Work order — The expected answer is the set of lines in the data below between the line holding "Michael Biberstein Sem" and the line holding "Chaussures Baskets adidas", inclusive, written out exactly.

Data provided —

:::::

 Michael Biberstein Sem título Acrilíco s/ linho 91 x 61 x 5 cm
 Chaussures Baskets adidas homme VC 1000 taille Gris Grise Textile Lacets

:::::

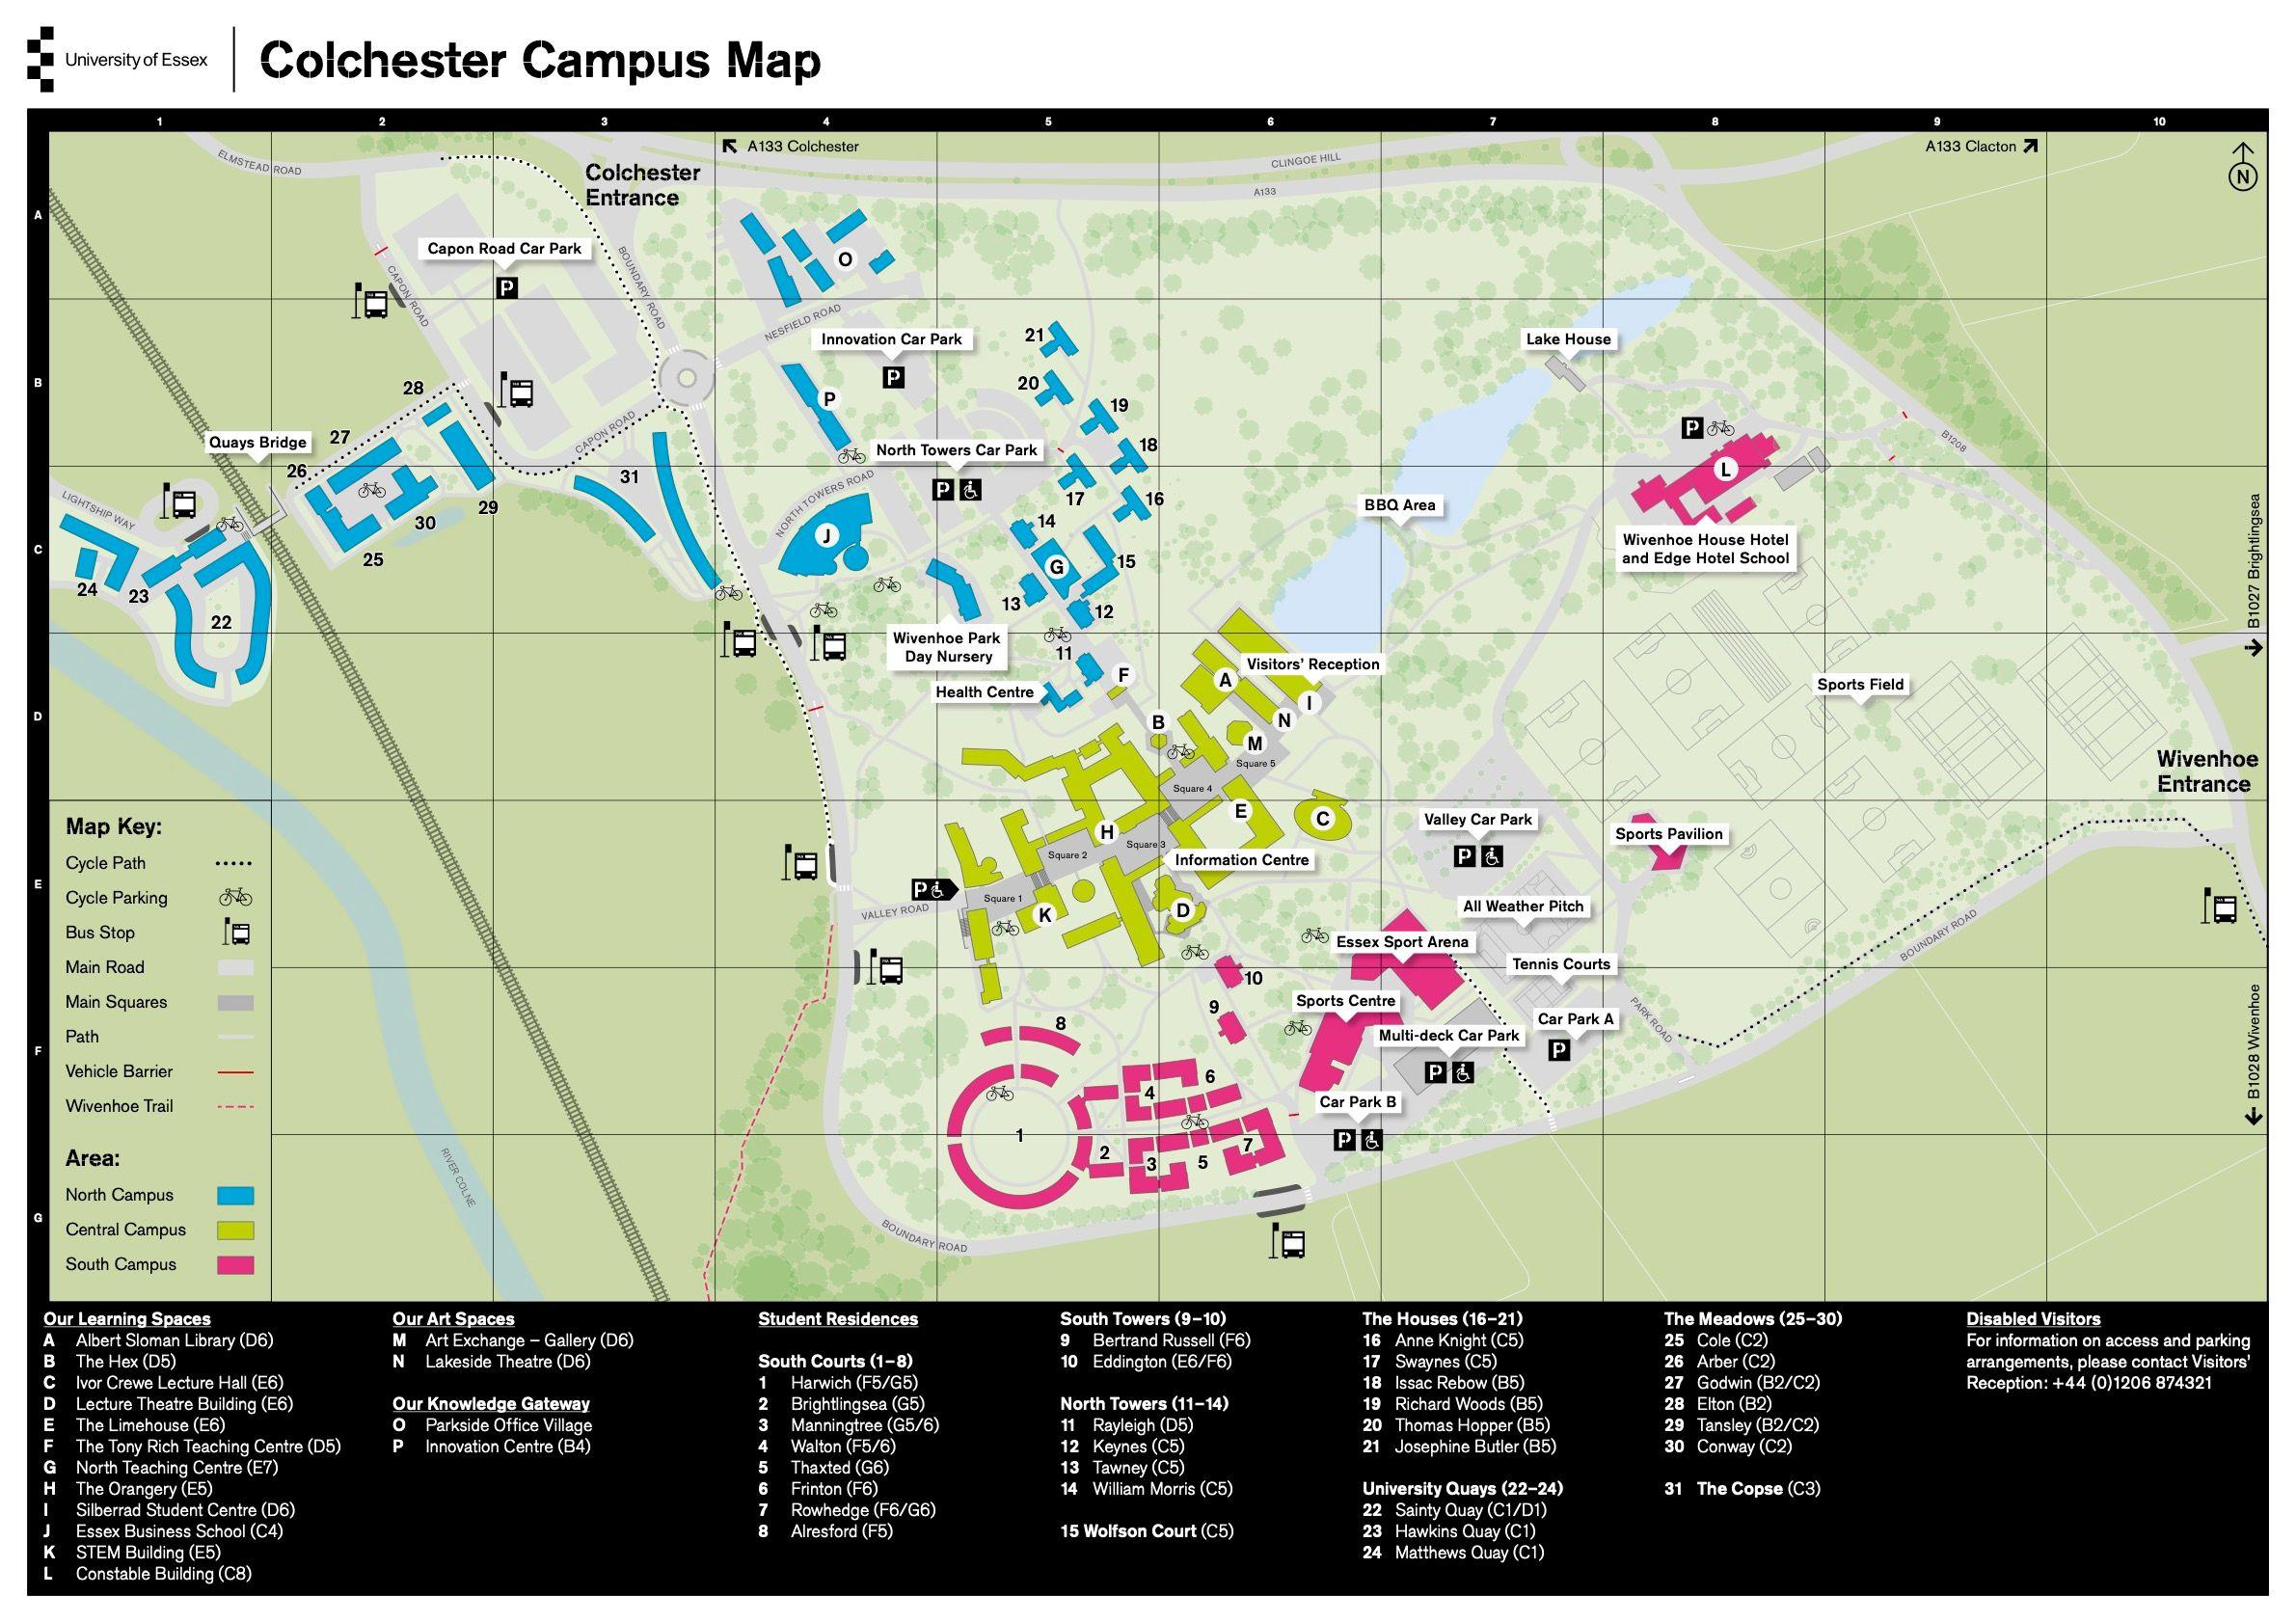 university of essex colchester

:::::

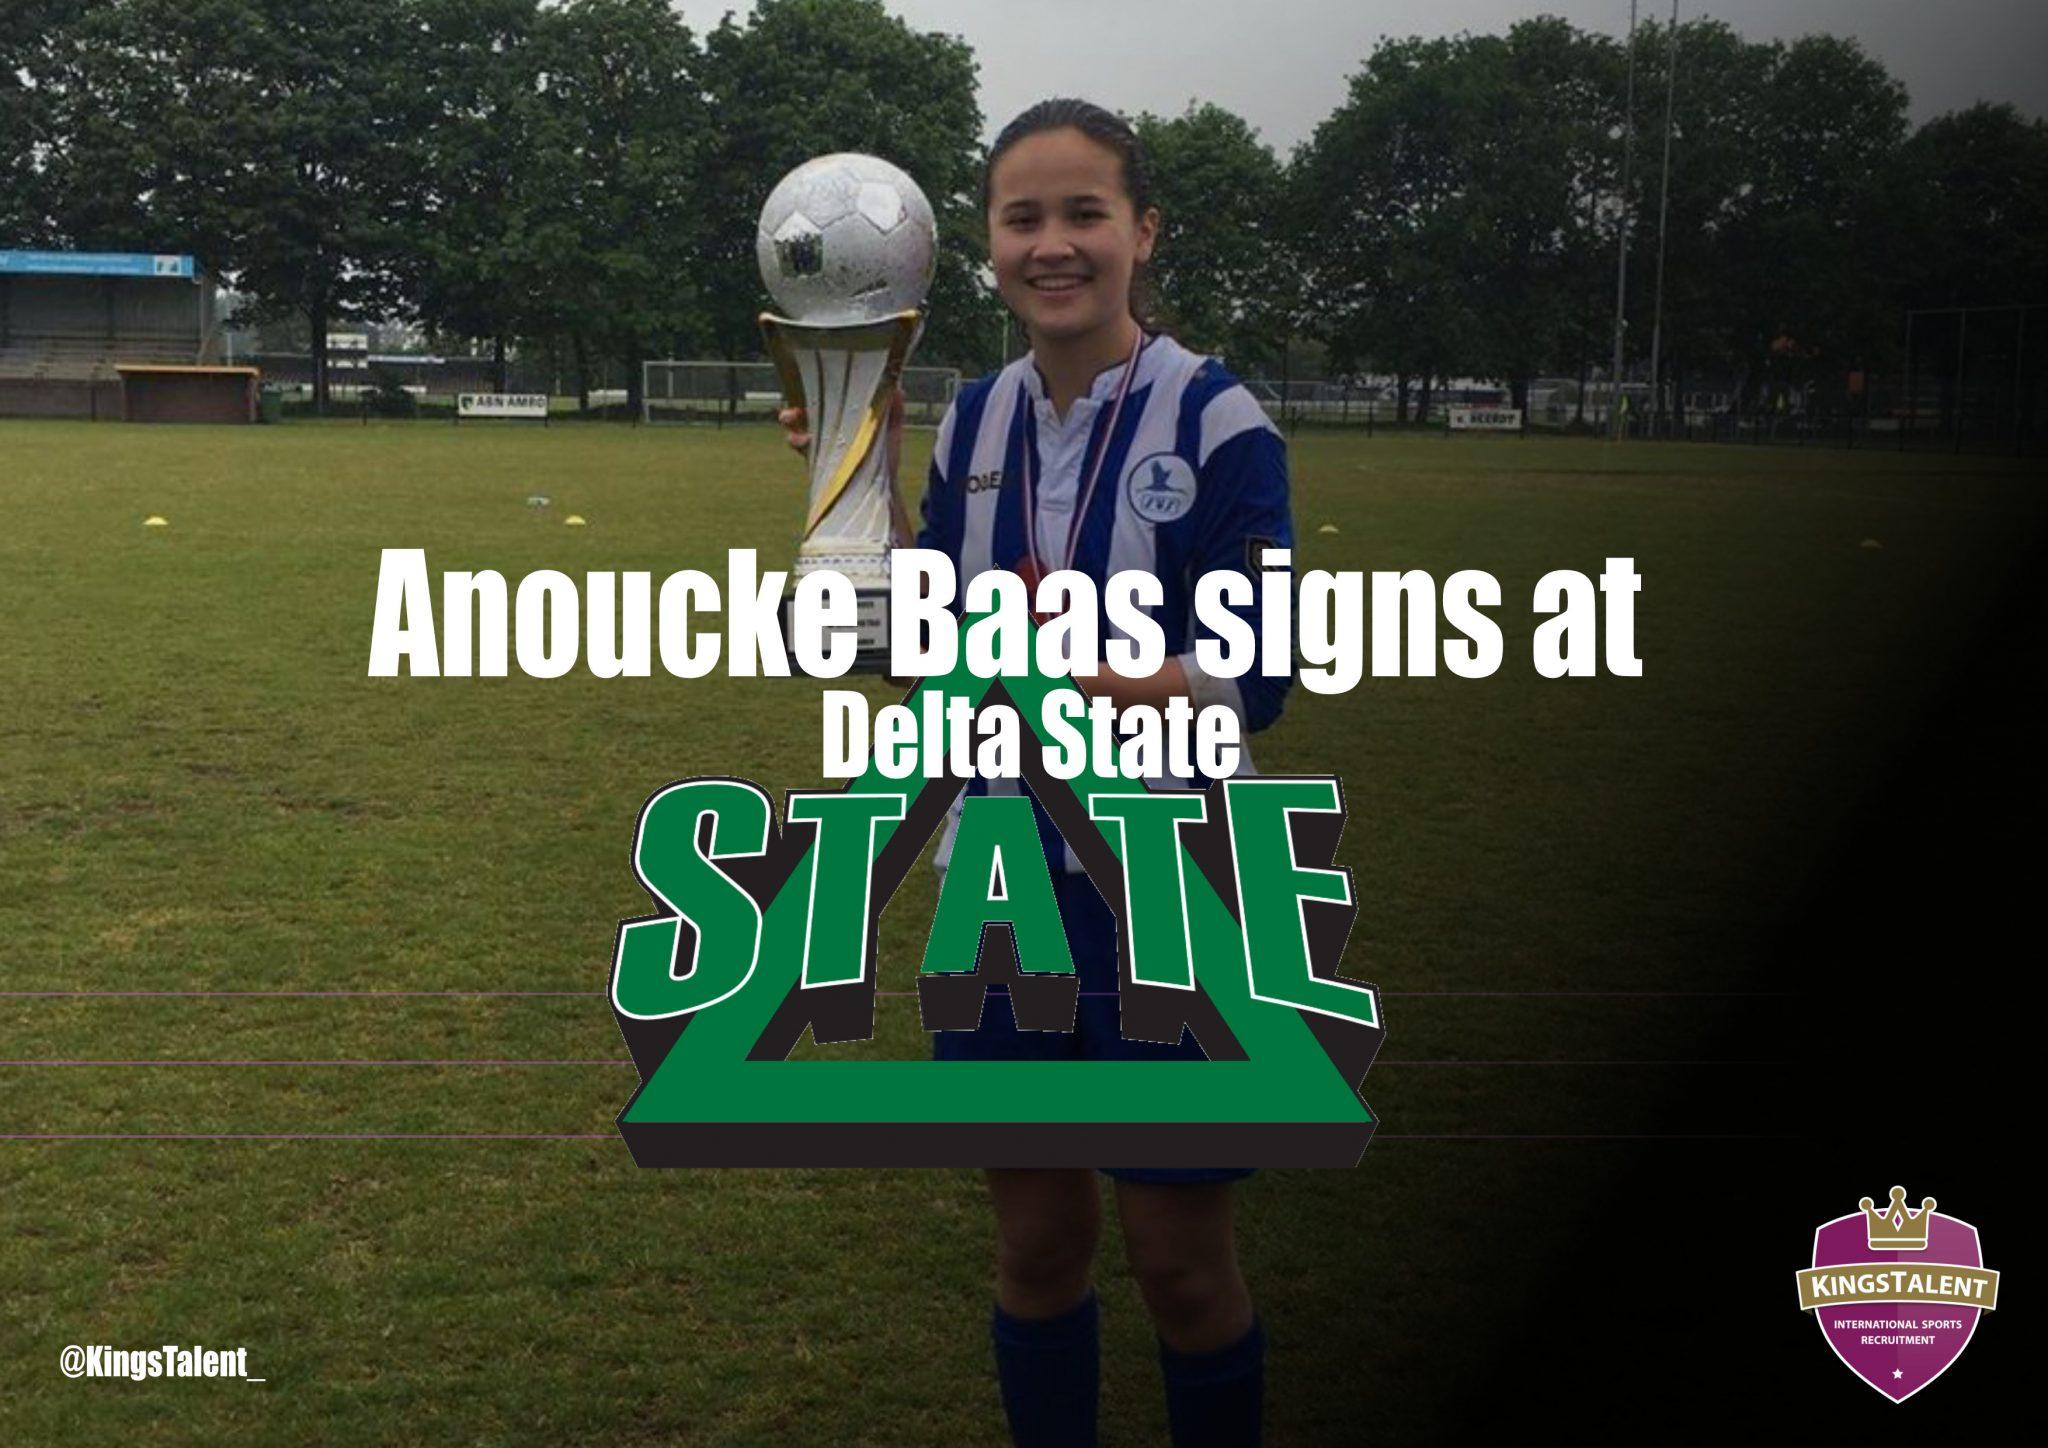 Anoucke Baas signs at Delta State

:::::

The completed task —
 Michael Biberstein Sem título Acrilíco s/ linho 91 x 61 x 5 cm
 Chaussures Baskets adidas homme VC 1000 taille Gris Grise Textile Lacets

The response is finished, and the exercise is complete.